Parallel Execution 🚀

flowyml allows you to execute independent steps concurrently, slashing pipeline runtime by running tasks in parallel.

What you'll learn

How to run multiple steps at once to speed up execution. Most ML pipelines have independent branches — running them sequentially is a waste of time.

Why Parallelism Matters ⚡

Without parallelism: - Slow execution: Steps run one after another (A → B → C) - Idle resources: CPU cores sit idle while one core works - Long feedback loops: Waiting hours for independent tasks

With flowyml parallelism: - Faster results: Run A, B, and C at the same time - Resource efficiency: Utilize all CPU cores - Scalability: Process 10x data in the same amount of time

Enabling Parallelism 🔧

You can enable parallel execution by using the ParallelExecutor. It automatically detects independent steps in your DAG and runs them concurrently.

Basic Usage

from flowyml import Pipeline, ParallelExecutor, step

@step
def process_chunk(chunk_id):
    # Simulate work
    return f"processed_{chunk_id}"

pipeline = Pipeline("parallel_processing")

# Add multiple independent steps
for i in range(5):
    pipeline.add_step(process_chunk, name=f"chunk_{i}", params={"chunk_id": i})

# Configure executor
executor = ParallelExecutor(max_workers=4)

# Run pipeline with executor
pipeline.run(executor=executor)

In-Step Parallelism

You can also parallelize work within a single step using standard Python libraries or flowyml's utilities.

from flowyml.utils.parallel import parallel_map

@step
def batch_process(items):
    # Process items in parallel using a thread pool
    results = parallel_map(process_item, items, max_workers=8)
    return results

Decision Guide: Execution Backends ⚖️

Backend	Best For	Why
`process` (Default)	CPU-bound tasks	Bypasses Python's GIL. Good for data processing, training.
`thread`	I/O-bound tasks	Lightweight. Good for API calls, downloading files, DB queries.

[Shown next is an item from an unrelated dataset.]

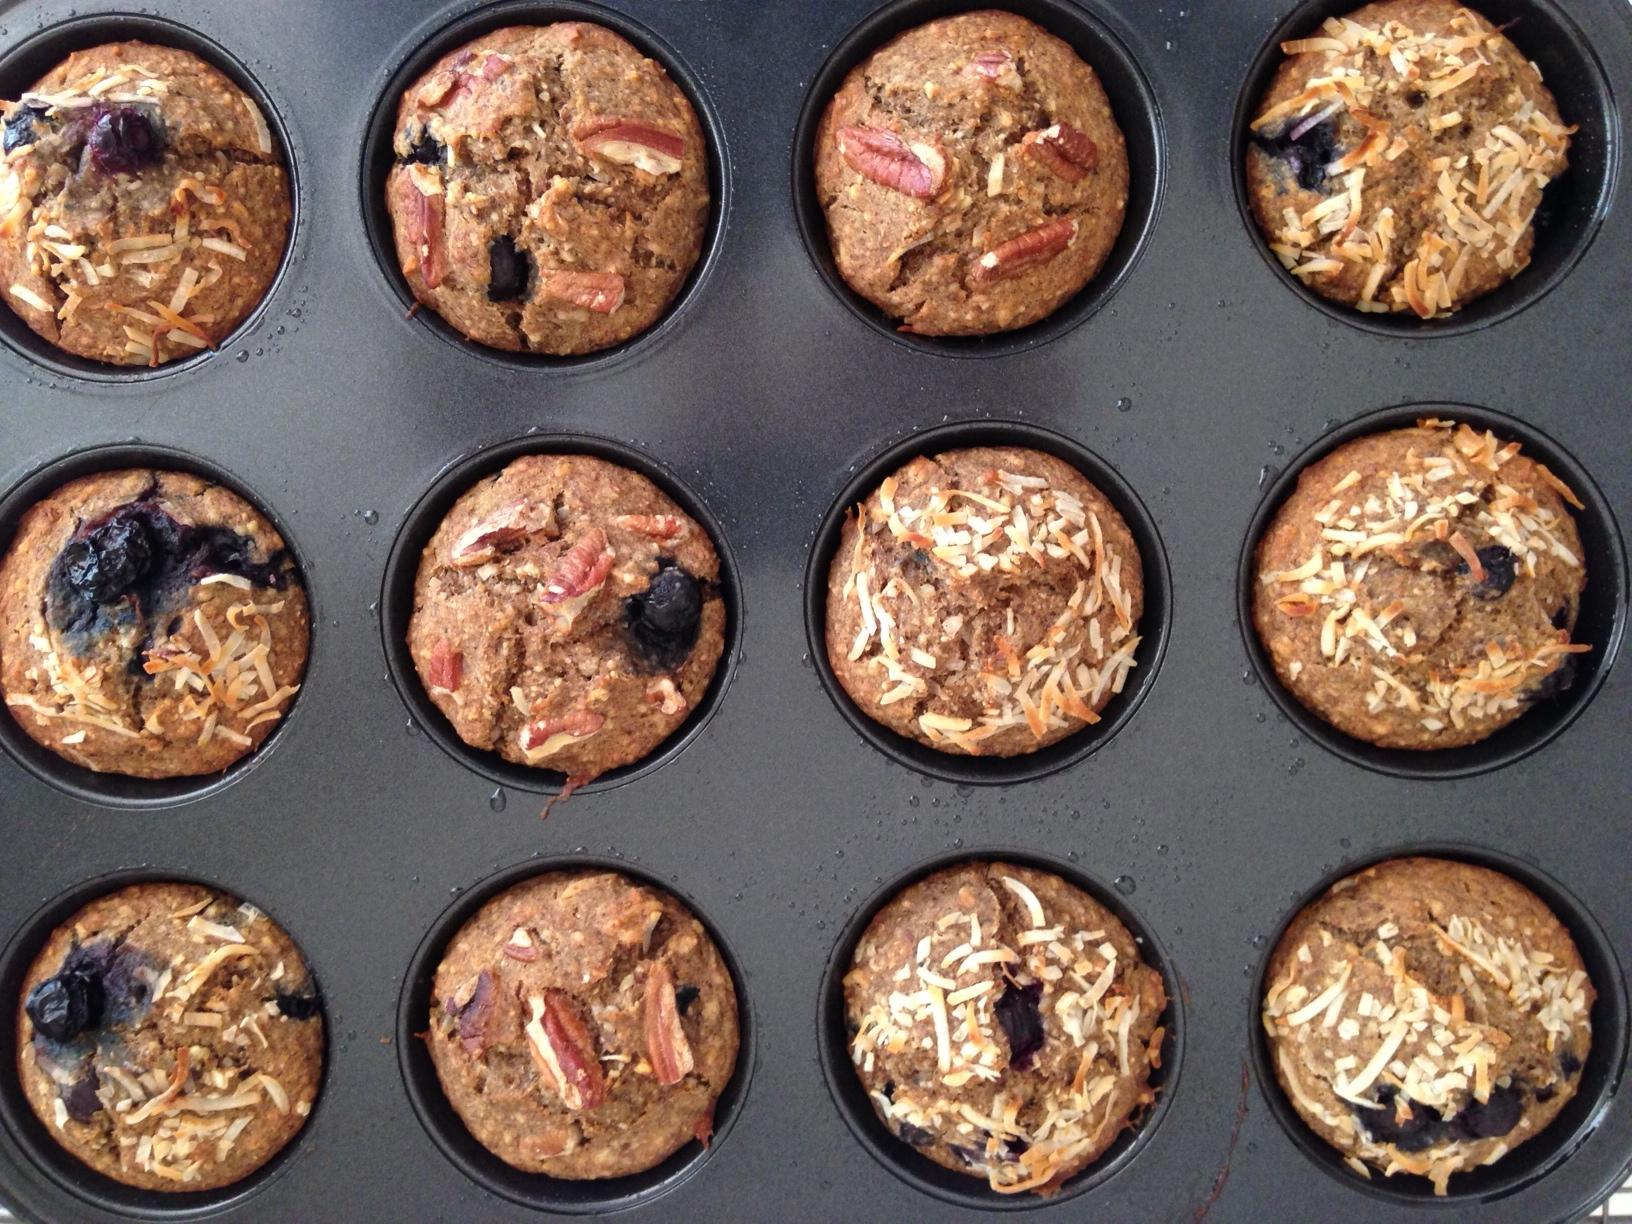 Banana + Blueberry Muffins Recipe

When to use `process` (CPU)

Data transformation (pandas, numpy)
Image processing
Model training (sklearn)

When to use `thread` (I/O)

Fetching data from APIs
Uploading files to S3
Querying databases

Real-World Pattern: Batch Processing 🌍

Process a large dataset by splitting it into chunks and processing them in parallel.

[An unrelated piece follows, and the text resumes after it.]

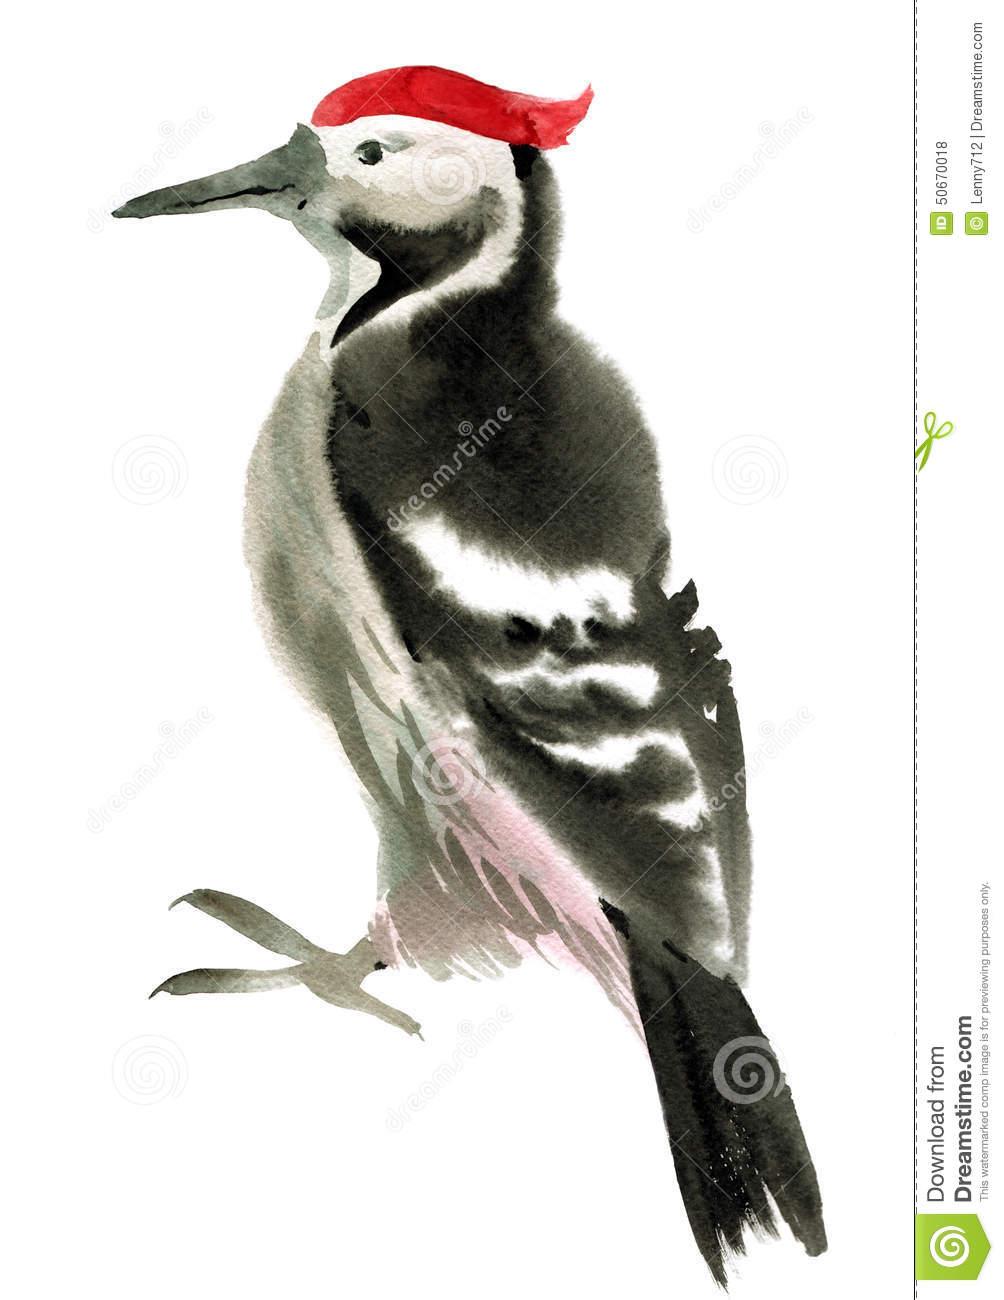 Watercolor Illustration Of Woodpecker Stock Photo.

from flowyml import Pipeline, ParallelExecutor, step

@step
def process_chunk(chunk_path):
    # Heavy CPU work
    df = pd.read_csv(chunk_path)
    return df.mean()

pipeline = Pipeline("batch_processor")

# Add 10 parallel steps
for i in range(10):
    pipeline.add_step(
        process_chunk,
        name=f"chunk_{i}",
        params={"chunk_path": f"data/part_{i}.csv"}
    )

# Run with 4 processes
pipeline.run(executor=ParallelExecutor(max_workers=4, backend="process"))

Performance Tip

Set max_workers to cpu_count() - 1 to keep one core free for the system.